Your instructions –
A verbatim repeat of the lines below is required, with the pictures removed.

=== Given material ===

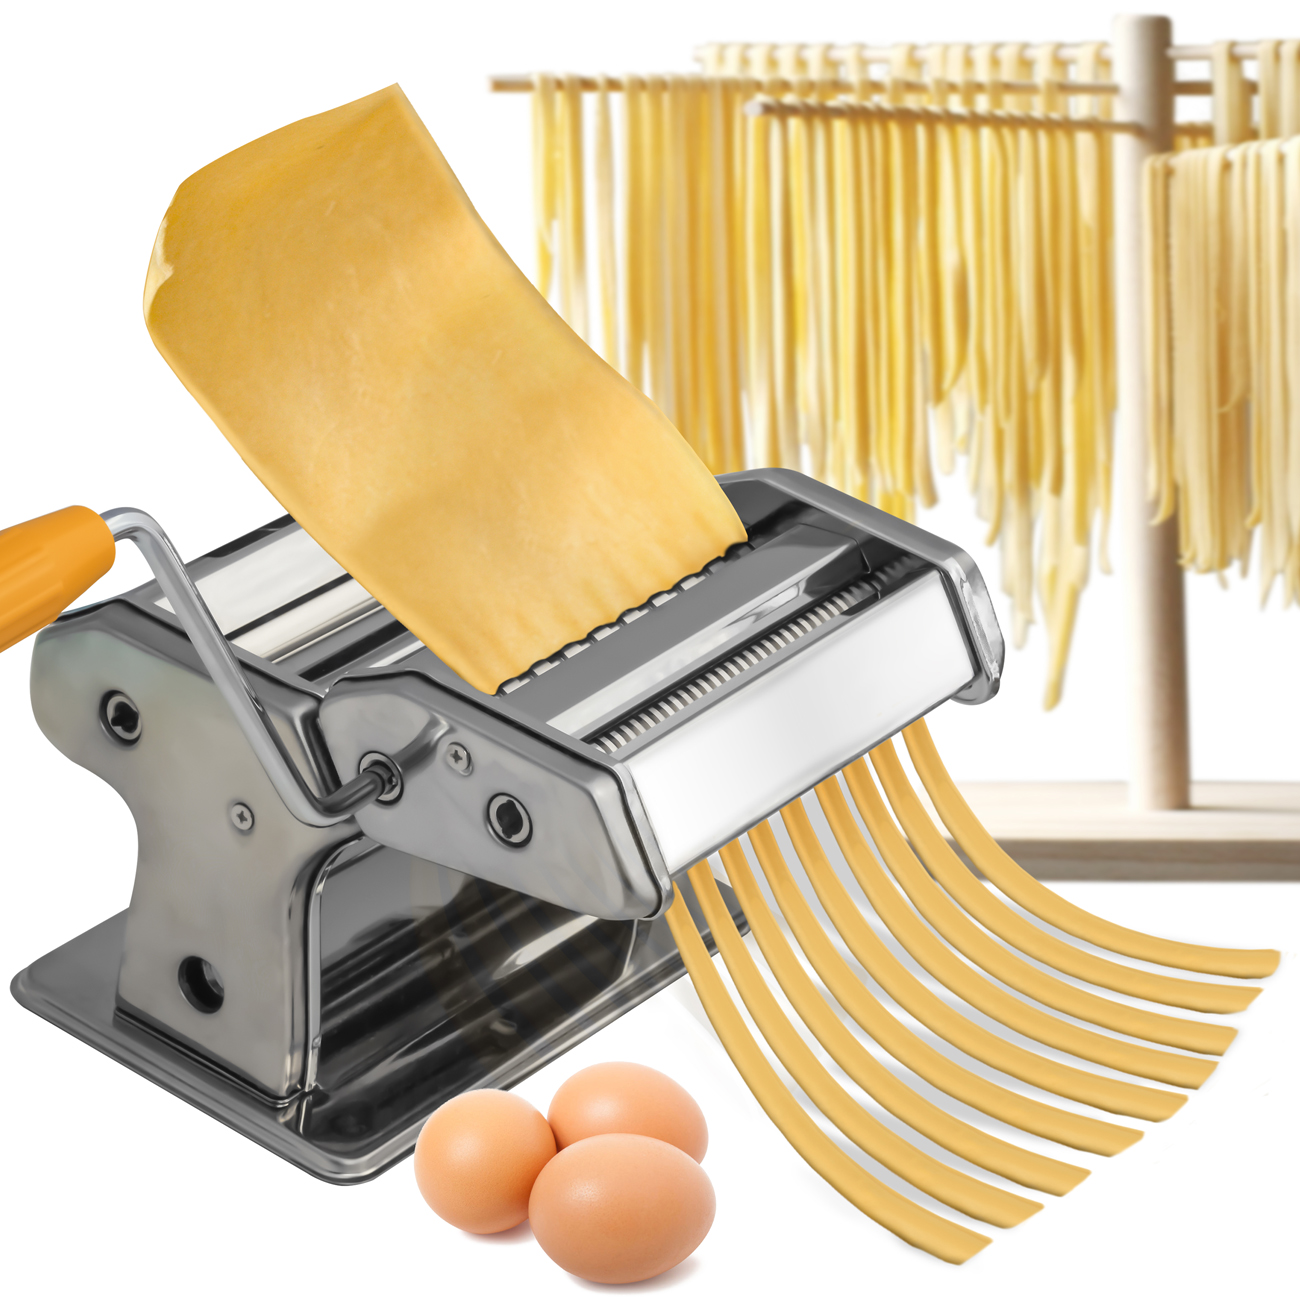 Ktaxon Pasta Machine, Roller Pasta Maker, Adjustable Thickness Settings Noodles Maker with Washable Rollers and Cutter,Perfect for Spaghetti, Fettuccini, Lasagna or Dumpling Skins - image 2 of 8
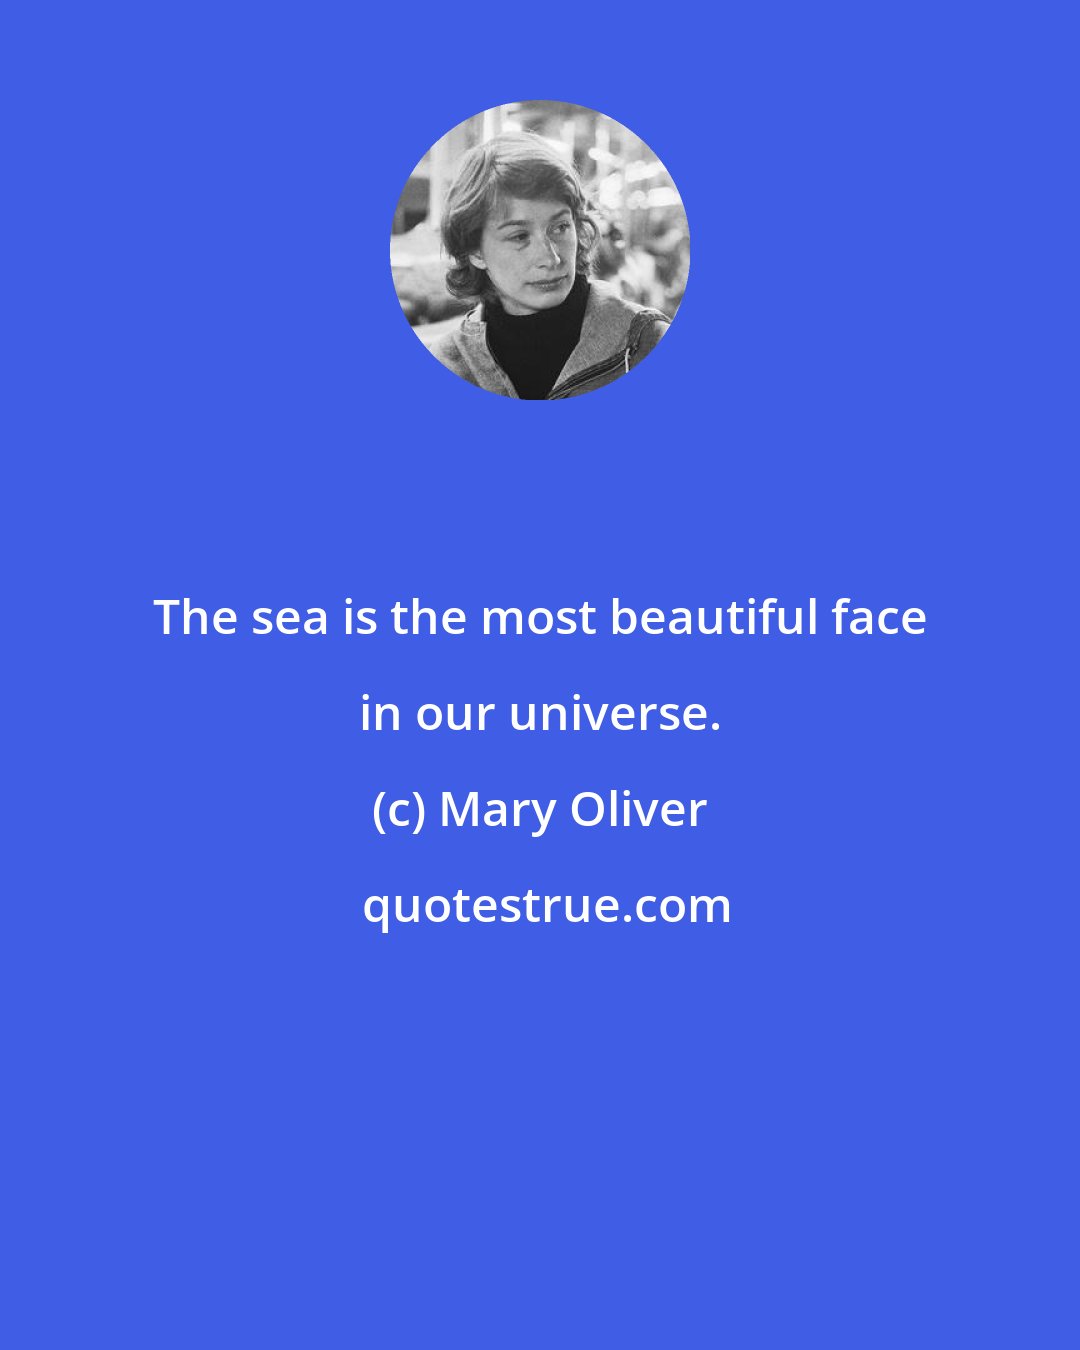 Mary Oliver: The sea is the most beautiful face in our universe.
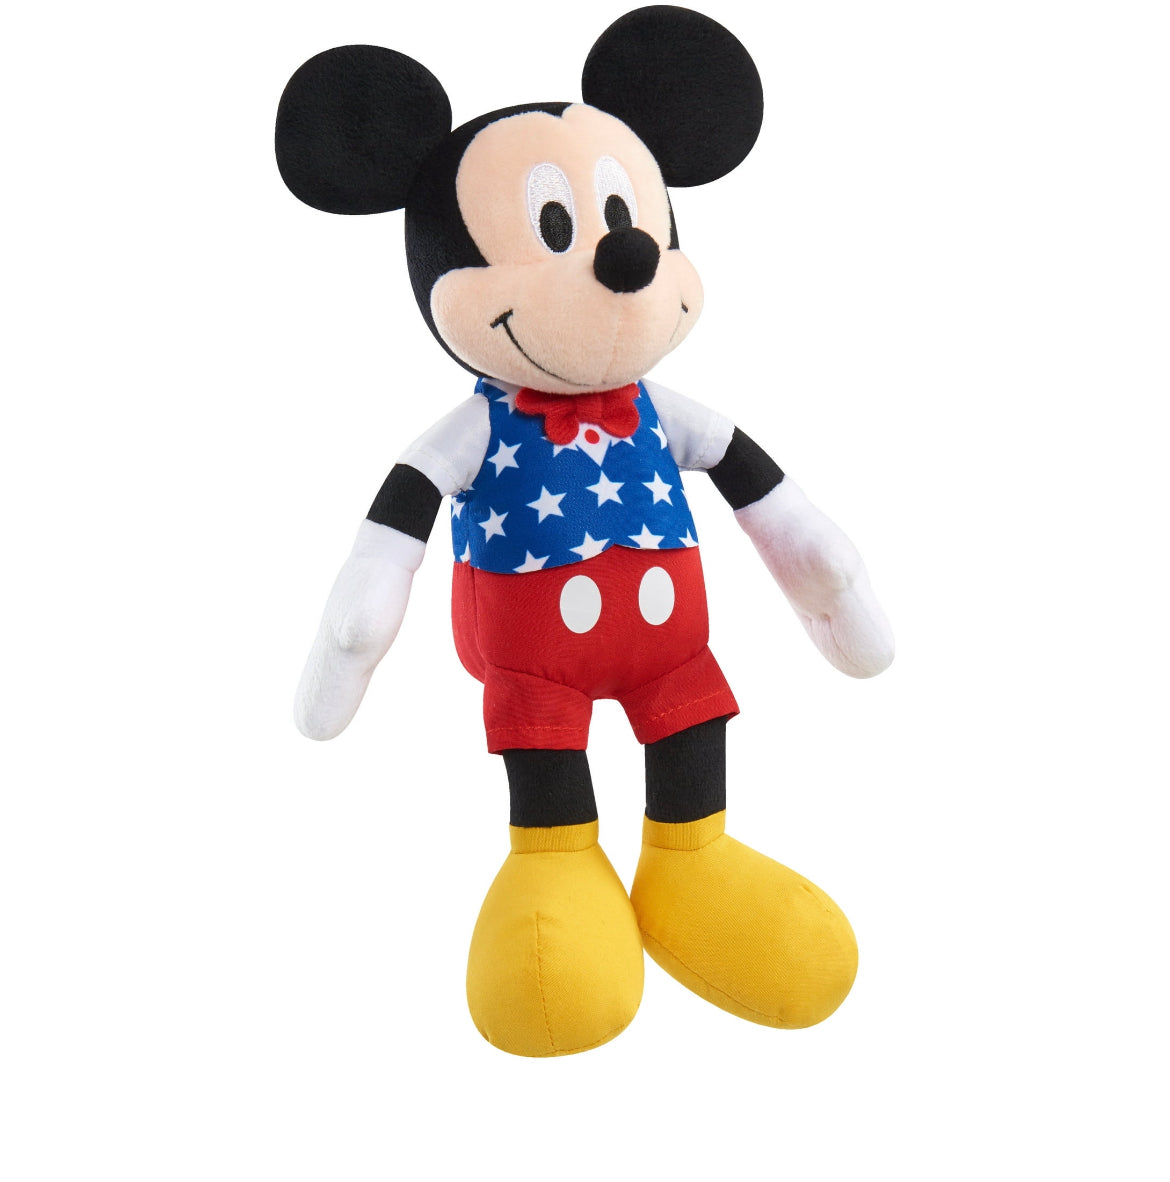 Disney Patriotic Bean Plush Mickey Mouse 4th of July
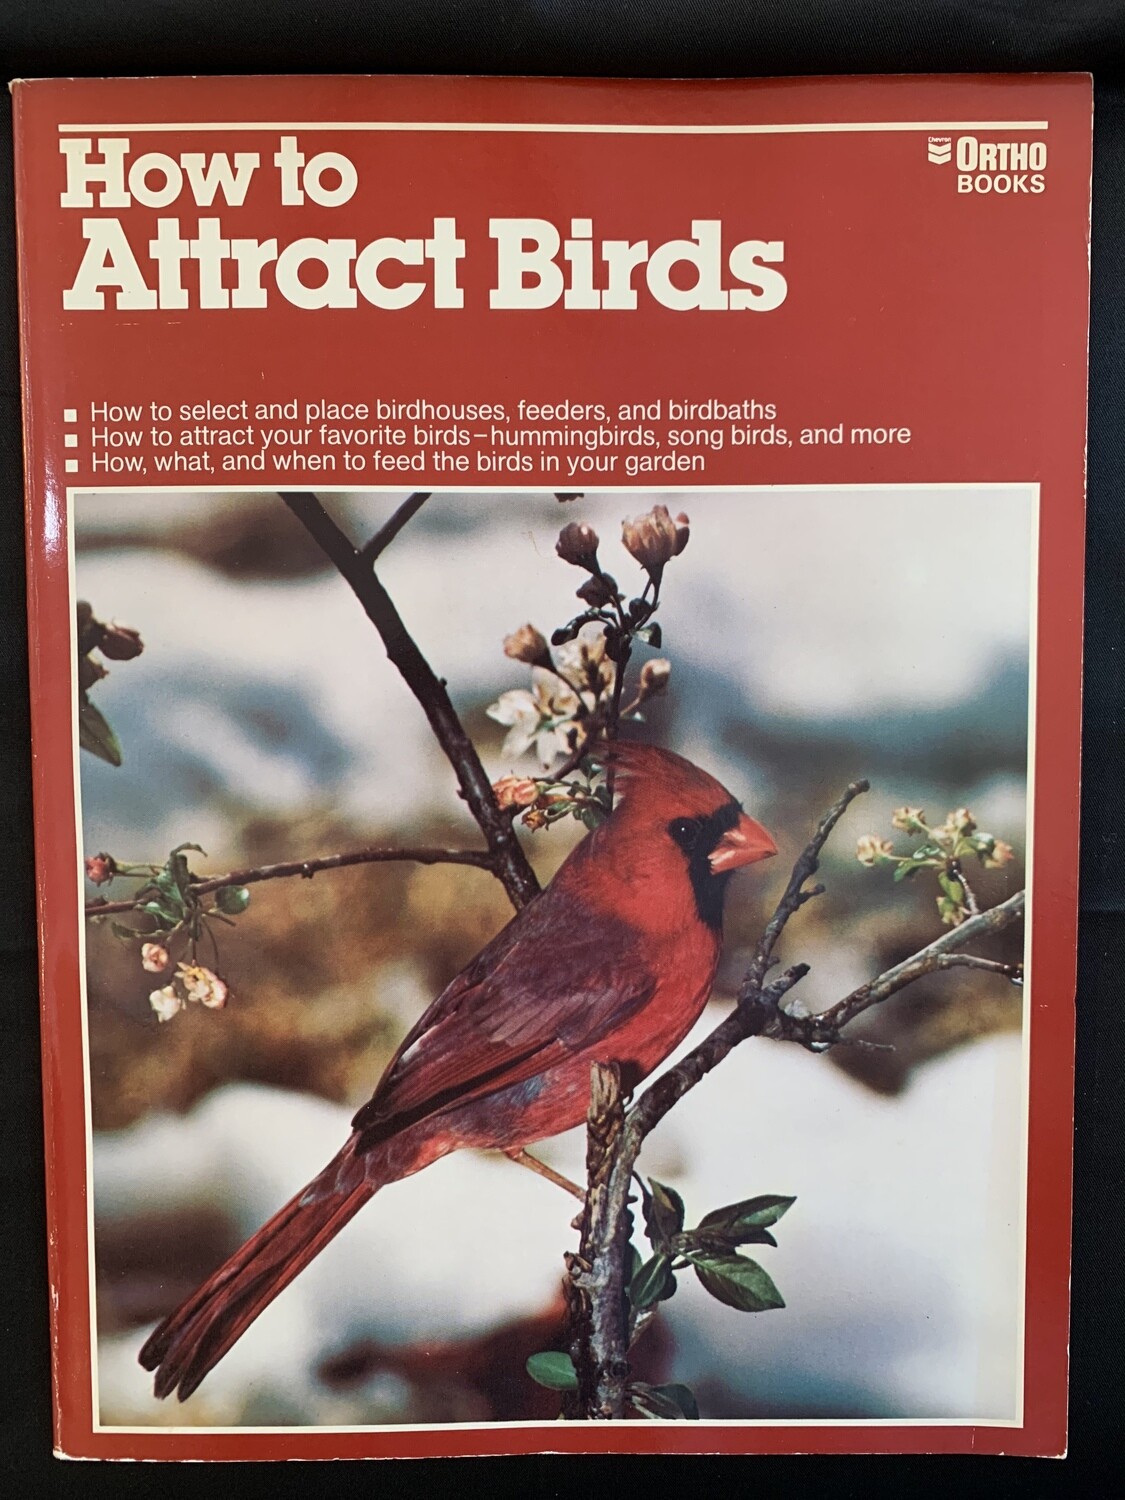 How to Attract Birds - Ortho Books

===

Answer to this task –
 Ktaxon Pasta Machine, Roller Pasta Maker, Adjustable Thickness Settings Noodles Maker with Washable Rollers and Cutter,Perfect for Spaghetti, Fettuccini, Lasagna or Dumpling Skins - image 2 of 8
 Mary Oliver: The sea is the most beautiful face in our universe.
 Disney Patriotic Bean Plush Mickey Mouse 4th of July
 How to Attract Birds - Ortho Books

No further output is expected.